Friday, June 29, 2007

More on VFX Time Crunch

has a follow up to the Variety article on the crushing post-production schedules for visual effects. This was touched on in my Wasting Time post.

The problem here is the studios are making very expensive movies and want to reduce the amount of time they’re paying interest on what is essentially a huge loan. Since they can’t shoot in any less time, especially with a lot of locations and stunts, the burden falls to post-production and primarily to visual effects.

This problem is exacerbated by the fact visual effects are now the fix-it step for the filmmakers. During the course of production it’s now common for those involved to pass their problems off to the visual effects team.

“We don’t have time to move that big crane in the background.”
“Do we have to move that 12 by 12 silk? Can’t you just paint it out?”
Speaking about a large object in the middle of the shot “Would it help if we painted it green?”
“We don’t have the right eye contacts. You’ll have to fix it.”
“We haven’t decided what location this scene plays in so we’ll have to shoot it bluescreen and figure it out later.”
“It’s not working so you guys will have to fix it later. We don’t have time to do fix it now.” (Referring to a stunt, prop or practical special effects)
“You guys can remove the (rain, snow, sun, shadows, etc) right?”
“We can’t afford to do that as planned. (alternate: We don’t have time to do that.) You’ll have to do in post.”
“Isn’t that easy to do? You have computers. It’s got to be a touch of a button now a days.”
“It was never built to do that. You guys will have to make that part move.”
“I know we promised to never to look that way but that’s how it goes.”
“You’ll have to extend the top and bottom of set since they didn’t get the larger stage.”

All of these would be funny if they weren’t real quotes from a shooting set. The VFX supervisor and producer raise the issues (cost, time, quality) frequently onto deaf ears.

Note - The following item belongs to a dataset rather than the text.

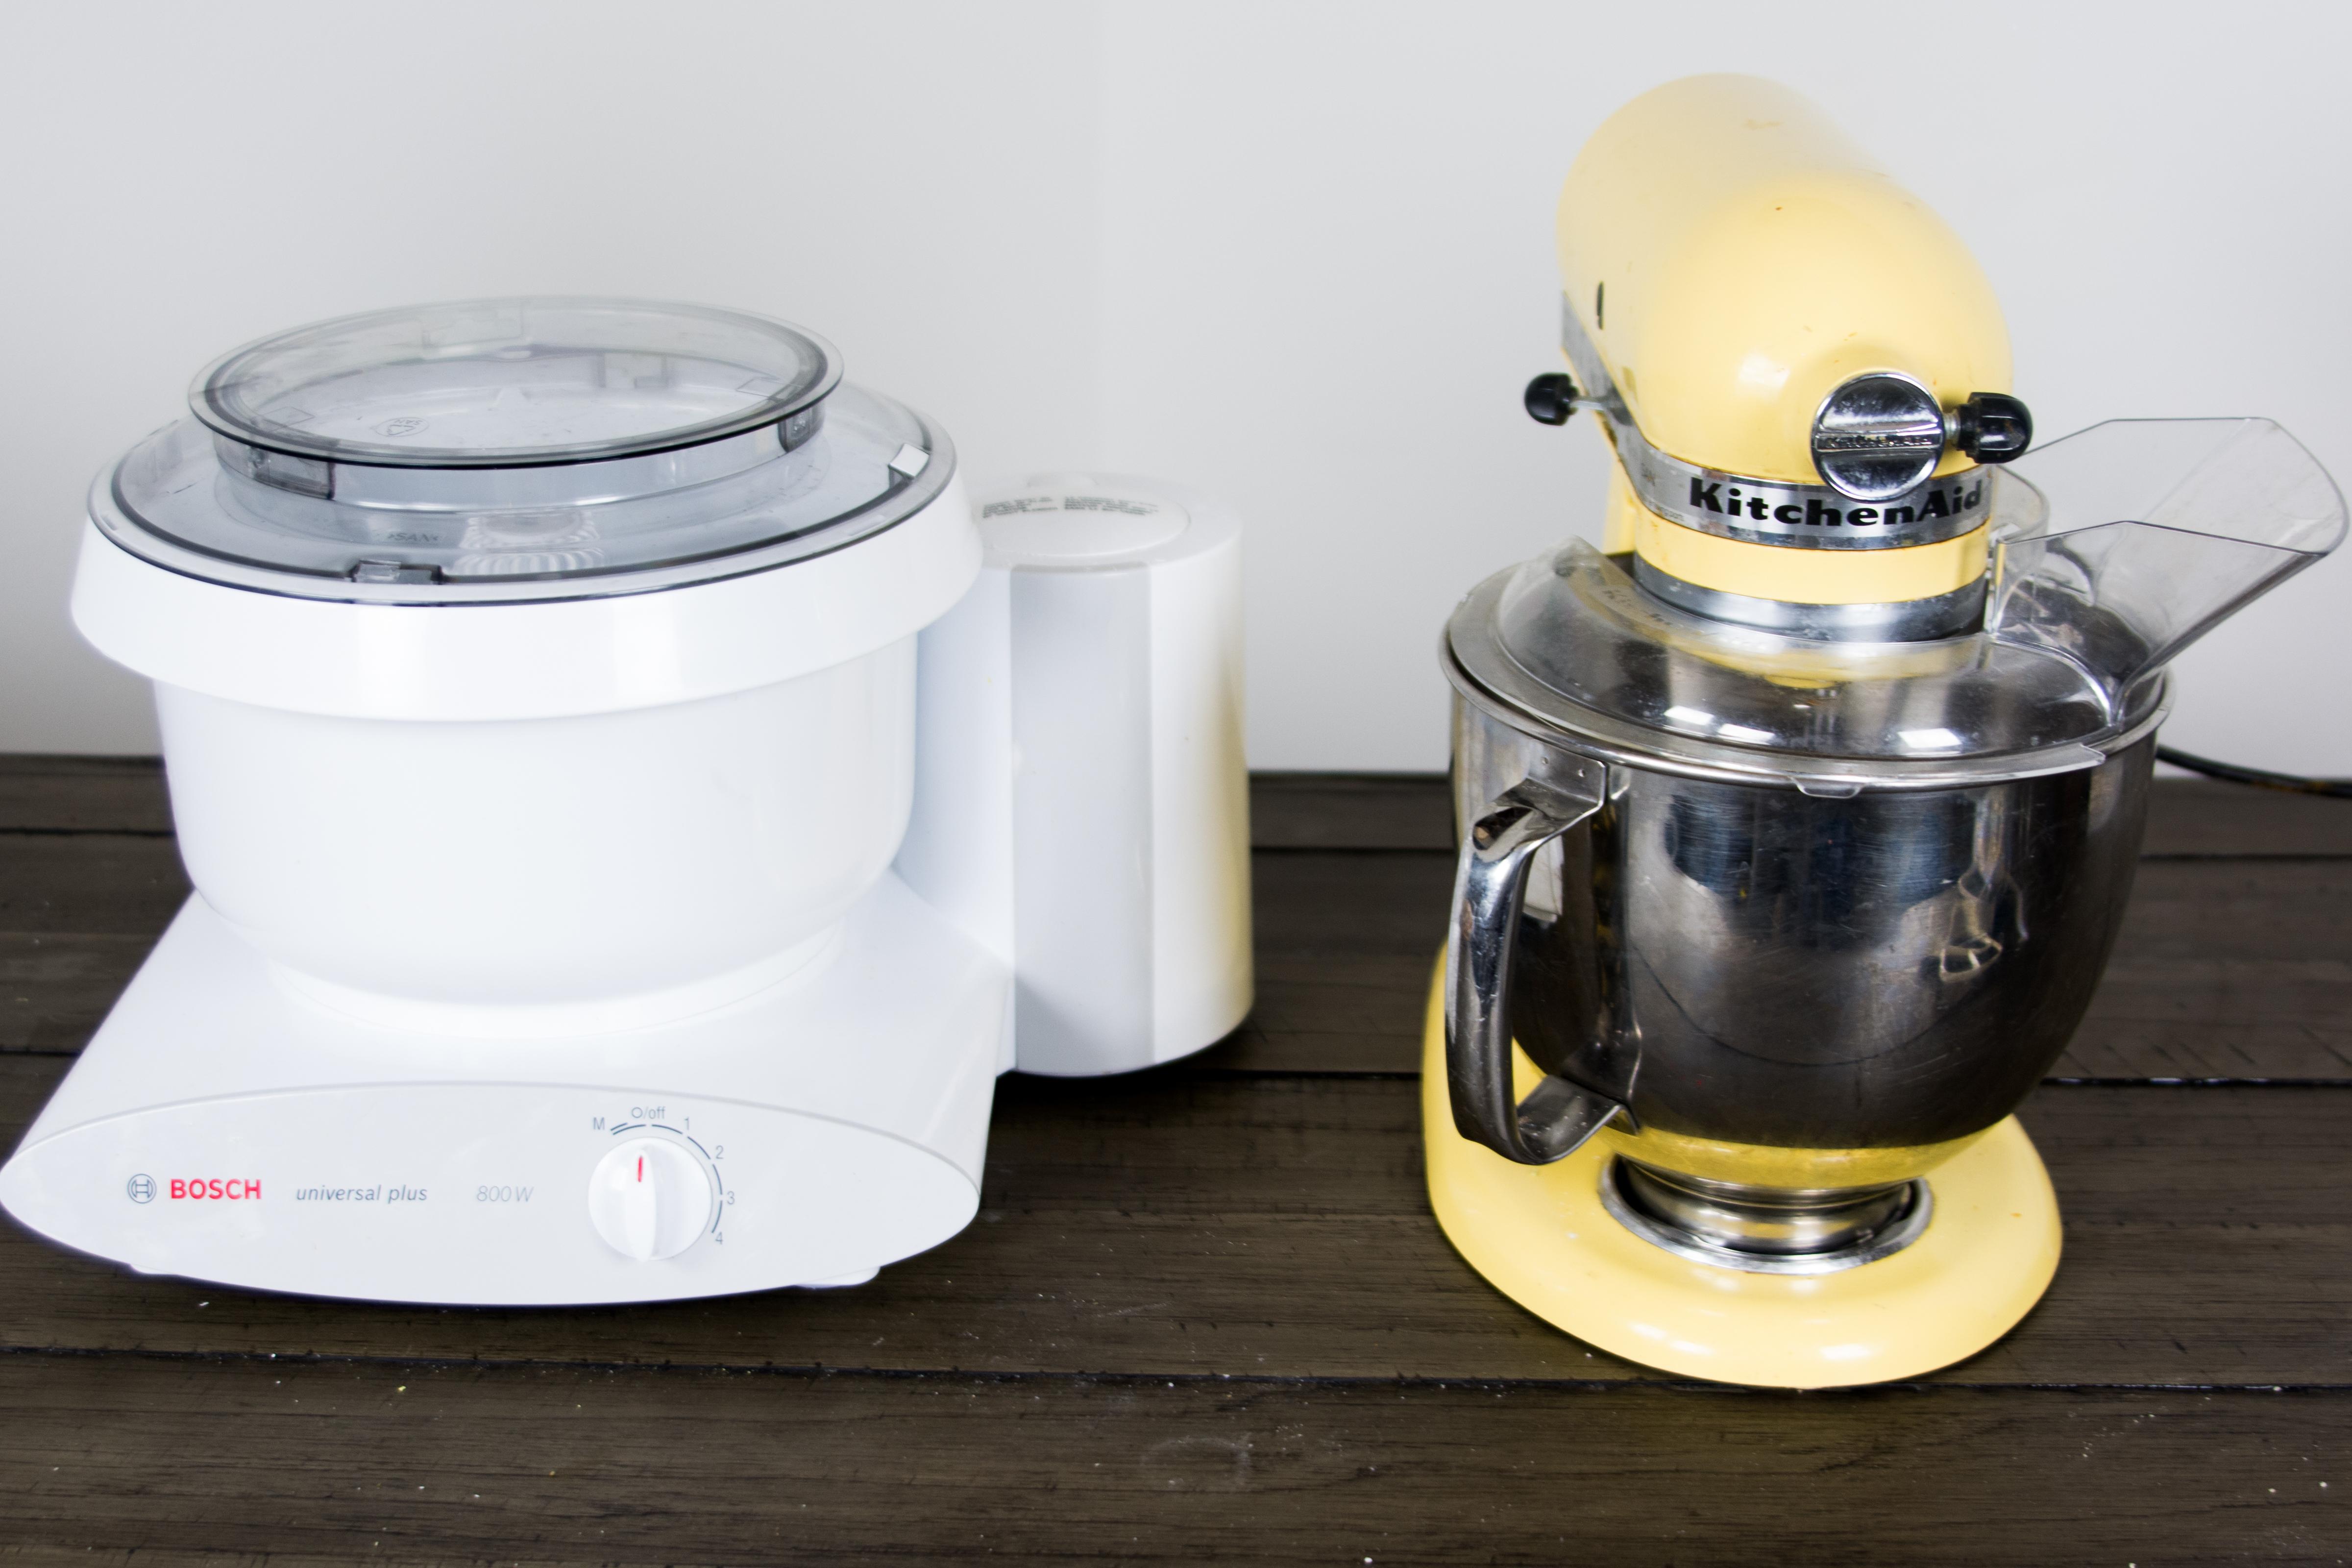 bosch versus kitchen aid

Everyone from the production designer to the wig person to the production manager may pass their time or budget limitations to the visual effects people. In the end they come out looking like heroes for finishing on time and budget. Some of the production people even get bonuses for accomplishing this. Unfortunately the buck stops at the door to the visual effects team. There’s no one we can pass the problem on to. Also note that any budget or time savings production gets from doing this is not passed on the visual effects budget. Ultimately it comes out of the same overall budget but for accounting reasons their separate.

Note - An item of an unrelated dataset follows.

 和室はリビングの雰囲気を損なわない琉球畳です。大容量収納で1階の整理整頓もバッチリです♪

Months later when some of production people see the final shots they will have forgotten that they didn’t allow time to shoot that sequence correctly or that you saved their production schedule.

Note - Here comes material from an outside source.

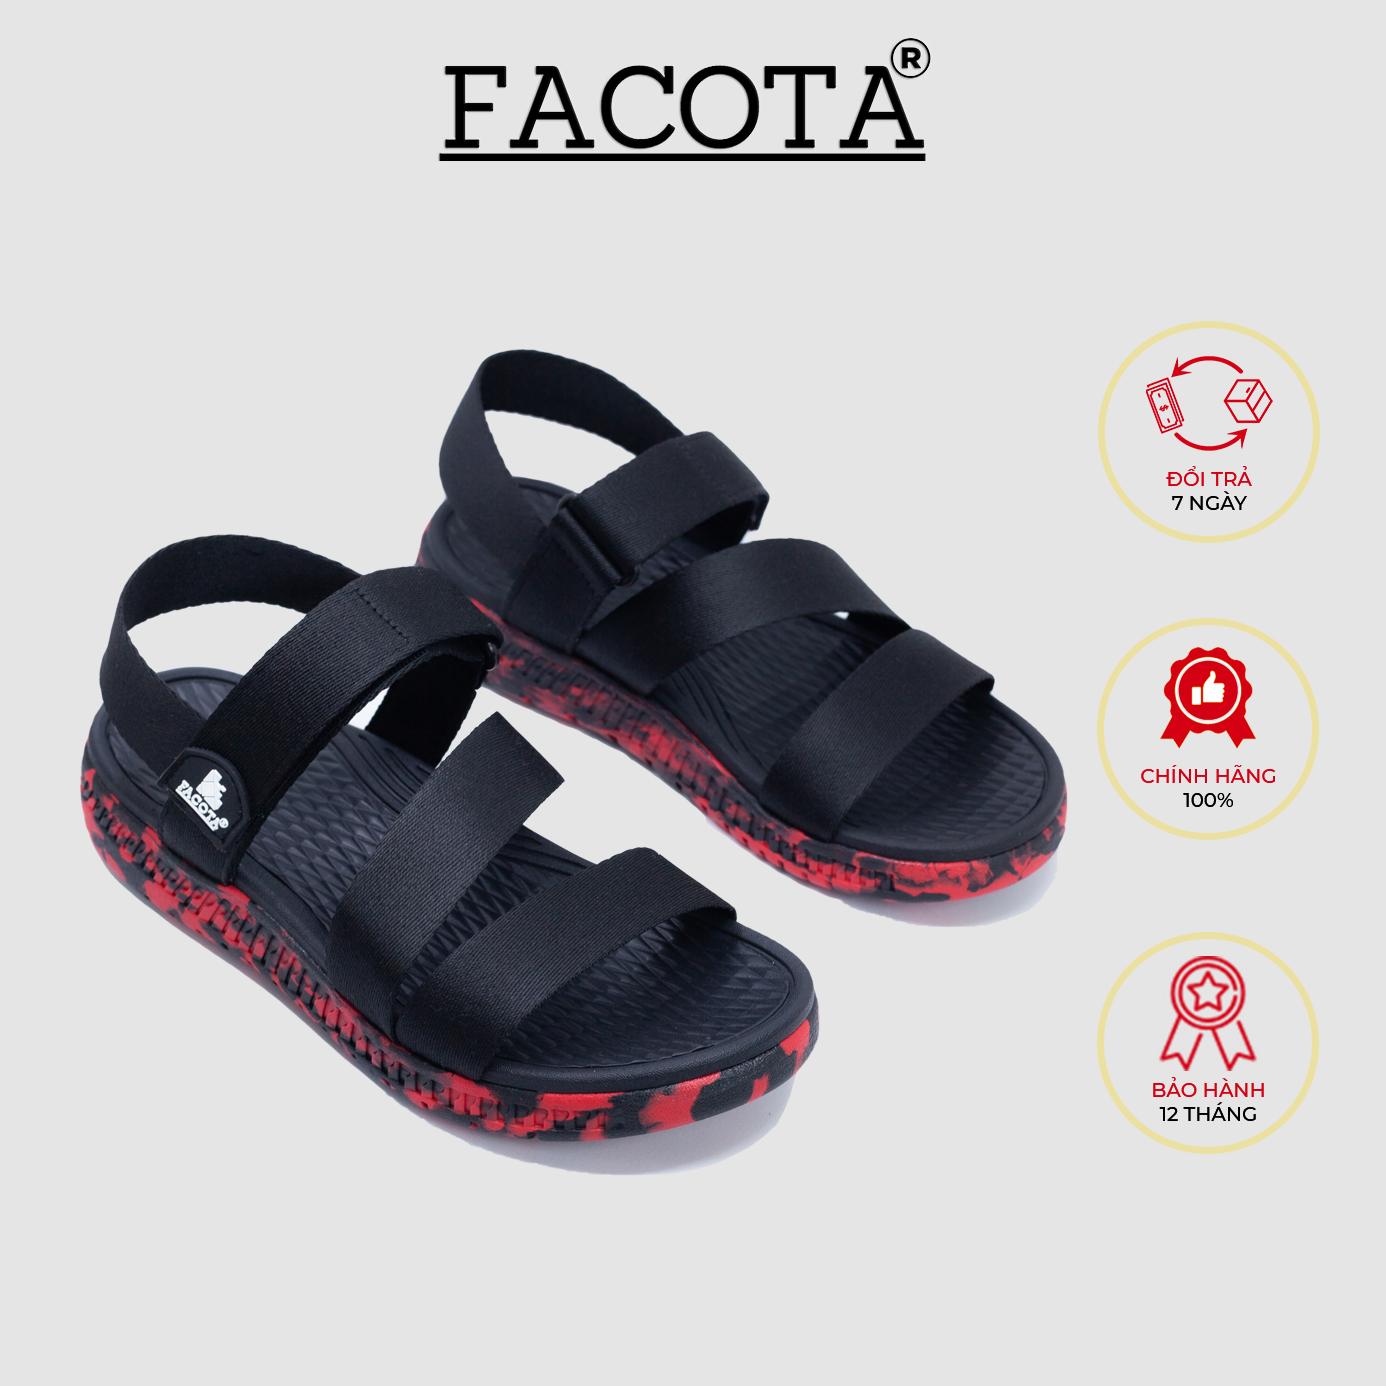 Giày sandal nam Facota HA13 chính hãng sandal thể thao quai dù

So at this point the visual effects supervisor has to explain to his vfx team and the studio vfx producer they now have another 100-200 shots to do and the pre-planning that was done for some sequences was tossed out and will now have to be done using plates that were shot in the worst conditions. (such as FG bluescreen with fictional lighting and angles to match BG plates done later) Personally I push for less shots done well than a lot of shots done poorly.

As long as the studios make money on the films under compressed time constraints and qulaity isn't the highest thing on the directo's list they will continue to compress the schedules more and more.
It won’t surprise me in the next 2 years if a big tentpole vfx film has to have its release date postponed or to be released with major vfx problems clearly evident to average the audience. And of course the visual effects people will be to blame.

Should the visual effects people be the ones to bare the brunt of the studio money and time issues and be forced to sacrifice their time and family life?

The reason most of us got into visual effects was to create great work and because it was fun. If that’s now boiling down to trying to crank out as much work as possible with lower quality the fun factor will certainly be gone.